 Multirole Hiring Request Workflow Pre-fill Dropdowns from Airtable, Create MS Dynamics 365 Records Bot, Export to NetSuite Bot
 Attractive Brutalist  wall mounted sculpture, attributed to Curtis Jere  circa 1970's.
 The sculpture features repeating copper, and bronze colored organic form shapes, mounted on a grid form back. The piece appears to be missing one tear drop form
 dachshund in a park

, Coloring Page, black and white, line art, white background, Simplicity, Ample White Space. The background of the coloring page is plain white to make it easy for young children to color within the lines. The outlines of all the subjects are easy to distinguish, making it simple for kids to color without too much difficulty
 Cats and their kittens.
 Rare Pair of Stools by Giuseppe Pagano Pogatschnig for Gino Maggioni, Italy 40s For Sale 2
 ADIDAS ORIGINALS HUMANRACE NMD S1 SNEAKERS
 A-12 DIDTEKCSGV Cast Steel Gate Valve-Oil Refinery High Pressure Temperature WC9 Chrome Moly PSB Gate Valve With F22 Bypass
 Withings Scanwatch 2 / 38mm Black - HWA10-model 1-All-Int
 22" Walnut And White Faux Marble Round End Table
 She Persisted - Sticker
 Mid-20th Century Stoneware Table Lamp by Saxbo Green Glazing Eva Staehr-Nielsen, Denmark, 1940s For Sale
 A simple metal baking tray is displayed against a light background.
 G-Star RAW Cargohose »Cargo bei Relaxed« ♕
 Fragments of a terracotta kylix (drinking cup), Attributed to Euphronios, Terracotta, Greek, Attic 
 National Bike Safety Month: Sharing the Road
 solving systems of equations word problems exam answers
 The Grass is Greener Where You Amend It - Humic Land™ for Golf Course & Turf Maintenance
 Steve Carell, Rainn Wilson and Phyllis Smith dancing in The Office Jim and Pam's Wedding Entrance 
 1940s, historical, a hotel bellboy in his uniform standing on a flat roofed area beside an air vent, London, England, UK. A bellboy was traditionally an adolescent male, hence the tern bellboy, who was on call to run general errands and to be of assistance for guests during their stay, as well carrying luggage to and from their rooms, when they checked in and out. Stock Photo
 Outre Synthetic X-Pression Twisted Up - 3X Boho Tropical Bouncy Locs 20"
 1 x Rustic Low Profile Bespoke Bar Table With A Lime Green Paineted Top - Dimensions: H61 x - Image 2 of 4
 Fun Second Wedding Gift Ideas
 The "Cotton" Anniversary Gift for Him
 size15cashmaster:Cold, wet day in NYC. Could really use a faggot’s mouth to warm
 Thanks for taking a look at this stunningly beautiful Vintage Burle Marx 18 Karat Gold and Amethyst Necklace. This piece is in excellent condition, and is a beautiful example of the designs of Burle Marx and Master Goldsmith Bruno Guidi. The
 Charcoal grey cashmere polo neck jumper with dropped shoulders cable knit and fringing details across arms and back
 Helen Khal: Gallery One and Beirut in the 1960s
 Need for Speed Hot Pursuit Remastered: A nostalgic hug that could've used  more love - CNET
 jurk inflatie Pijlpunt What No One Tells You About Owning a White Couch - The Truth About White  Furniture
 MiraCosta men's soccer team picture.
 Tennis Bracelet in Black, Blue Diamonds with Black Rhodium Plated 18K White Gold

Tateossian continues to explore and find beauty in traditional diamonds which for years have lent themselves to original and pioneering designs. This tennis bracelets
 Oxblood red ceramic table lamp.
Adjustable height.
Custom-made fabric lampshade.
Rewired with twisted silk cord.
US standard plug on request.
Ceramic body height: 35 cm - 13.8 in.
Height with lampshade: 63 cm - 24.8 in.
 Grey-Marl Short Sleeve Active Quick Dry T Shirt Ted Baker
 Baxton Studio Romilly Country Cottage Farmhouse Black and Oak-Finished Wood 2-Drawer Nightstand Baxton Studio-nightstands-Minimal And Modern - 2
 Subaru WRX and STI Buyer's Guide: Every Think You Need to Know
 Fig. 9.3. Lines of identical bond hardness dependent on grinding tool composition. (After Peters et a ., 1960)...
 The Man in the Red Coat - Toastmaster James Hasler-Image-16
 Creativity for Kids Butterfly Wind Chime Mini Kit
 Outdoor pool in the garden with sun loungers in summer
########################################
Whenever the word "Sale" shows up in a line above, copy that line.

 Rare Pair of Stools by Giuseppe Pagano Pogatschnig for Gino Maggioni, Italy 40s For Sale 2
 Mid-20th Century Stoneware Table Lamp by Saxbo Green Glazing Eva Staehr-Nielsen, Denmark, 1940s For Sale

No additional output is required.